Building blocks (with mini sandwich intros):

🍞 Hook: You know how a good to-do list keeps you on track. 🥬 The Concept: Planning & Task Decomposition means turning a fuzzy goal into ordered steps and revising them as you learn. How: Reverse engineer plans from expert reports; filter for plan–execution consistency. Why: Without it, the agent wanders. 🍞 Anchor: “Compare 3 EV battery chemistries” becomes: define metrics → gather lab data → cross-check safety recalls → write summary.

🍞 Hook: Imagine a treasure hunt where each clue points to the next. 🥬 The Concept: Deep Information Seeking is multi-hop, multi-document discovery that connects hidden entities. How: Use knowledge-graph subgraphs (verified via web) and hyperlink walks to craft hard quests; filter out easy ones. Why: Without it, the agent misses key evidence. 🍞 Anchor: From a company to its suppliers to policy changes to price swings.

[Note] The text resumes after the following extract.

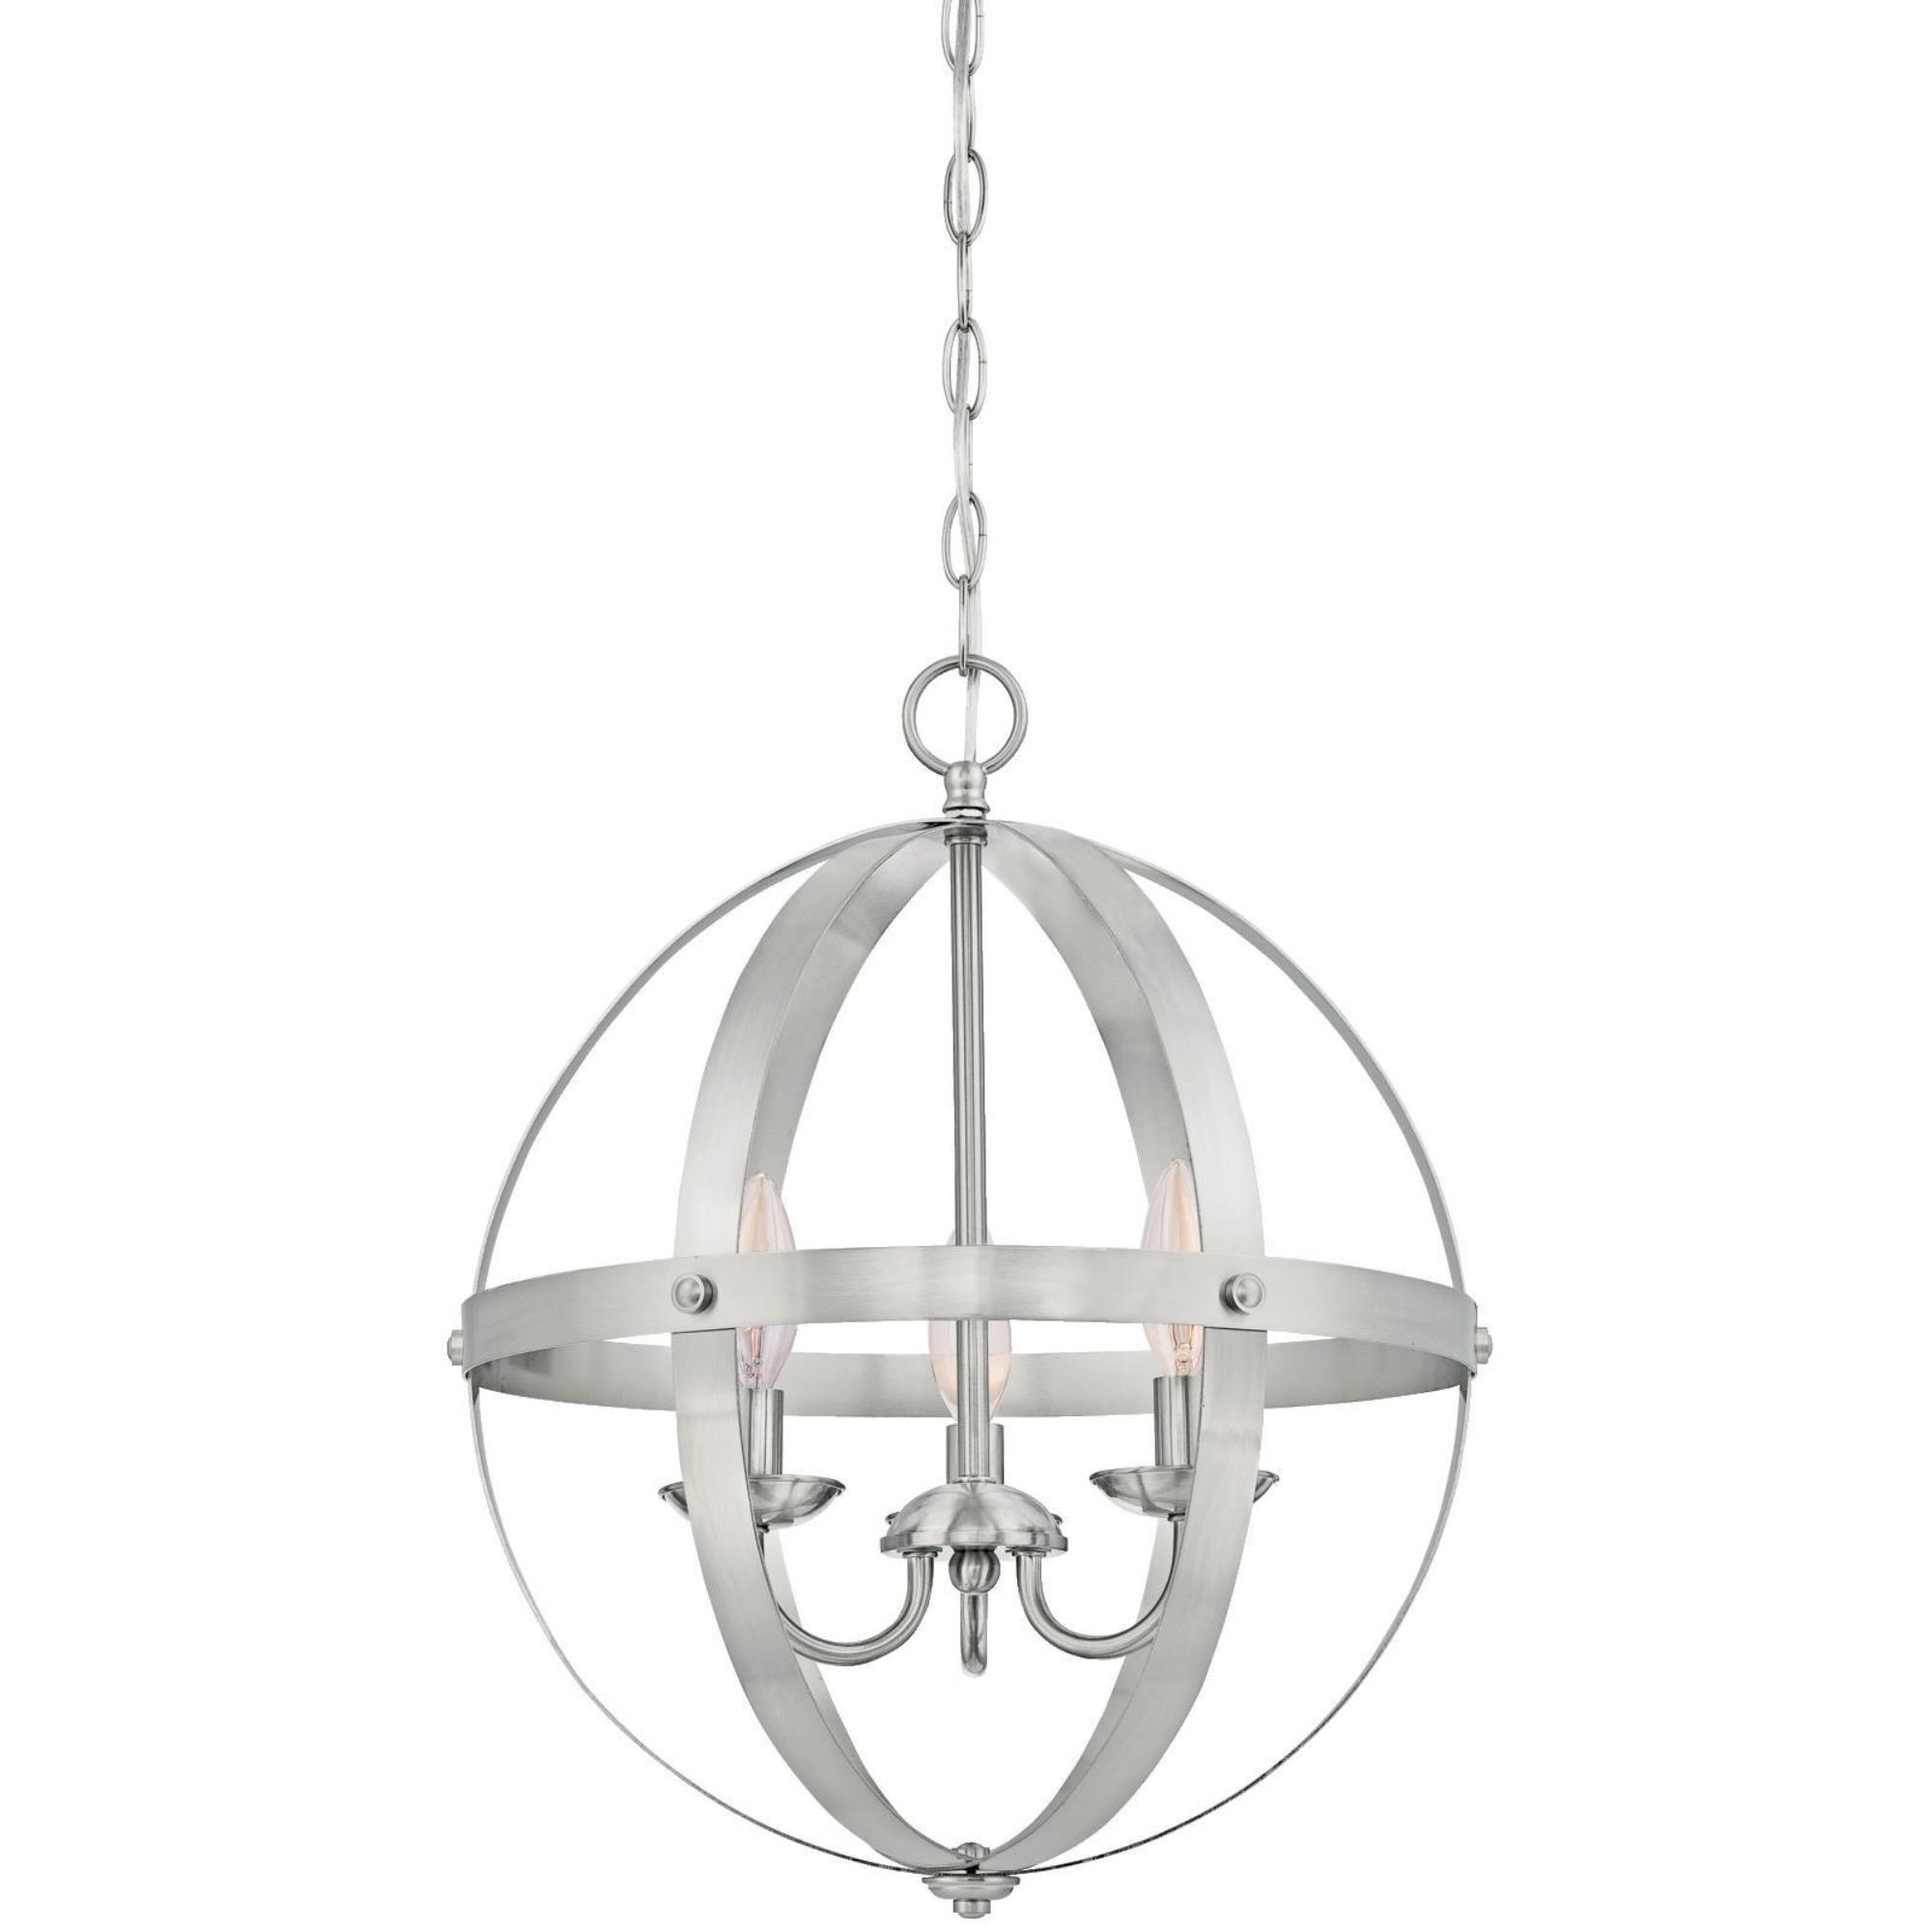 Westinghouse 6341900 Stella Mira Three-Light Indoor Chandelier, Brushed Nickel Finish

🍞 Hook: Everyone makes mistakes; great students fix them. 🥬 The Concept: Reflection & Verification teaches the agent to find its own errors and check facts across sources. How: Closed loops of attempt → verify → reflect → retry; multi-agent teacher traces for fact checking. Why: Without it, confident errors slip through. 🍞 Anchor: “My date is wrong—source A says 2022, but the official site says 2023—update and cite.”

🍞 Hook: A pile of notes isn’t a report. 🥬 The Concept: Report Generation turns fragments into a clear, cited narrative. How: Mid-training for style and depth; SFT to obey formats and plans. Why: Without it, readers can’t use the findings. 🍞 Anchor: Executive summary → sections → citations matching claims.

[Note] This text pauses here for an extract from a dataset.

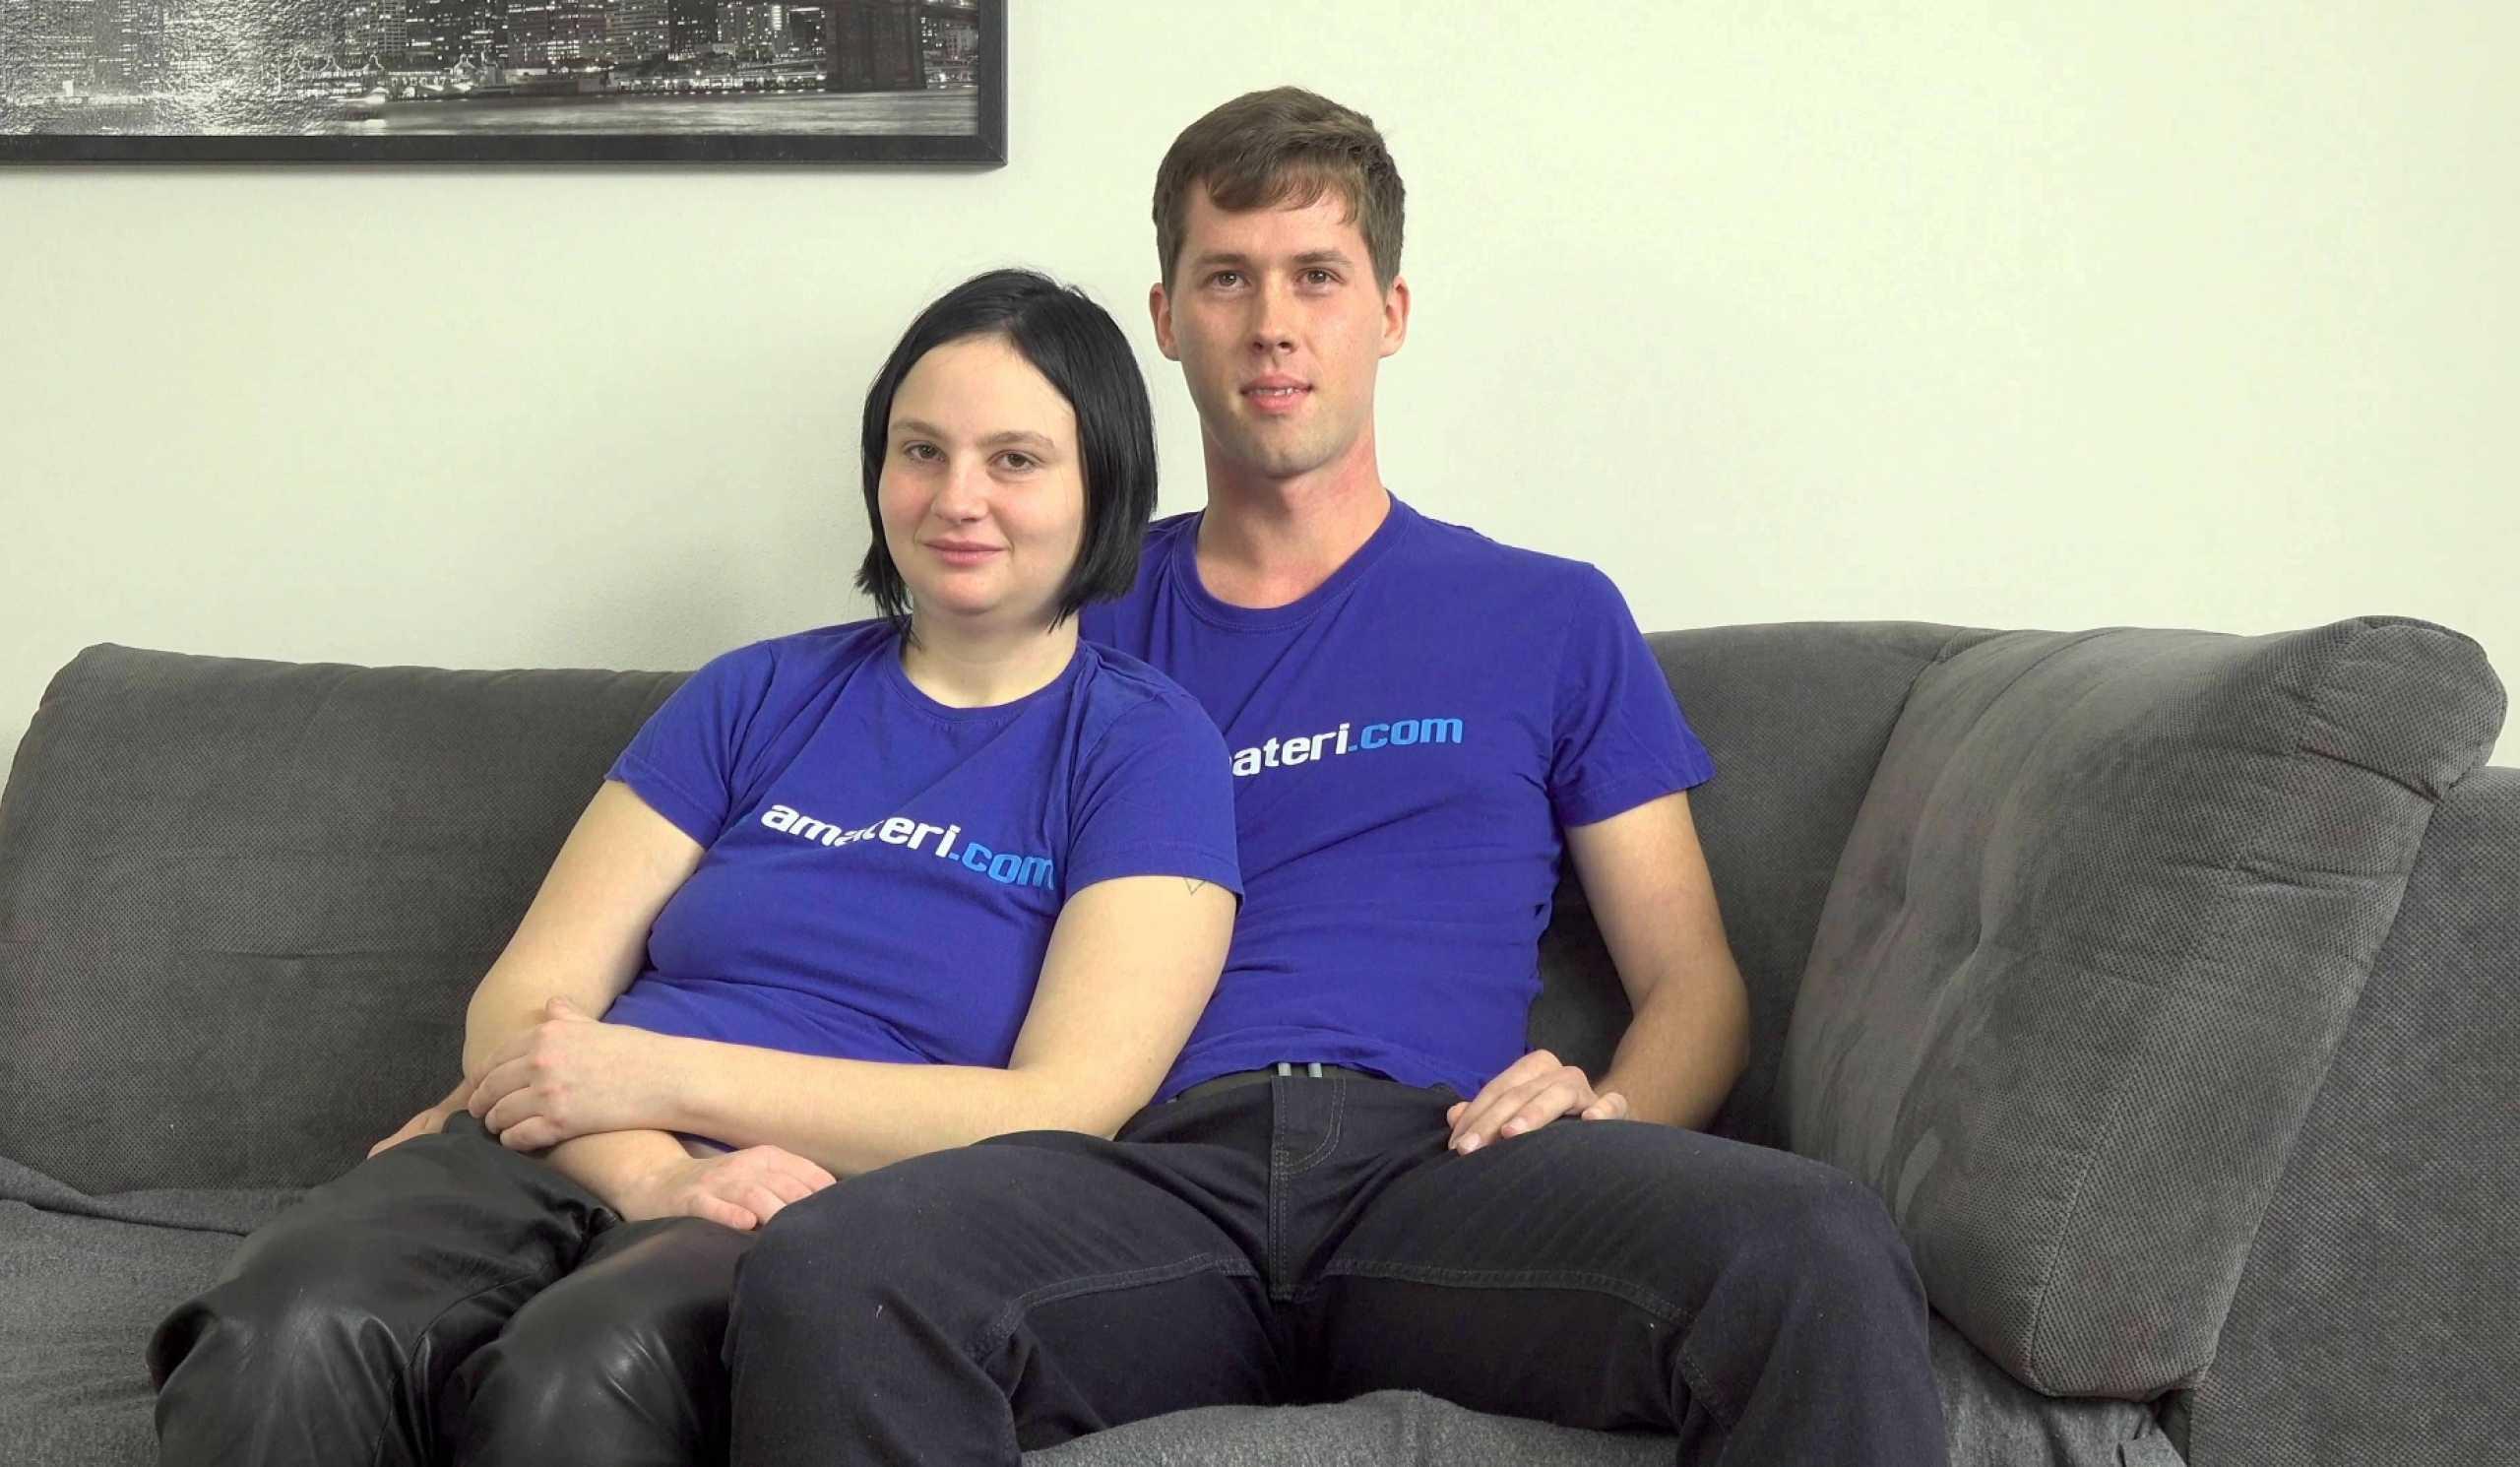 [AmateriPremium] (Jana P.) (Shy amateur couple shows their sex skills / 02.17.2020)

Together these blocks, plus staged training and rubric rewards, deliver an affordable single-agent ReAct researcher that rivals larger, pricier systems.

03Methodology

At a high level: User query → Plan (atomic actions) → Search and gather (tools) → Cross-verify and reflect → Draft and edit report → Judge with rubrics → Output.

🍞 Hook: Think of a school project where you first learn core skills, then practice with guided worksheets, and finally get graded with a clear rubric. 🥬 The Concept: Progressive Training Pipeline is a step-by-step path—mid-training, supervised fine-tuning (SFT), and reinforcement learning (RL)—that installs skills, connects them, and polishes decisions. How it works:

  1. Mid-training (32K→128K context): teach atomic skills and long-context handling; later, add tool use.
  2. SFT: stitch skills into full trajectories, align with instructions and formats.
  3. RL: practice in the real tool environment; earn rewards from a checklist judge. Why it matters: Skipping stages leads to brittle behavior and messy reports. 🍞 Anchor: Drills → scrimmage → real game with a referee.

Inputs and tools:

  • Base model: Qwen2.5-32B-Base (128K context, strong reasoning/value for cost).
  • Tool suite: authority-aware search, knowledge-dense retrieval, token-efficient file edits, to-do memory, sandboxed shell, resilient browser, multimodal parsers.
  • Judge: checklist-style Rubrics Judge with binary mapping for crisp signals.

Step A: Agentic Mid-training (skills and long context)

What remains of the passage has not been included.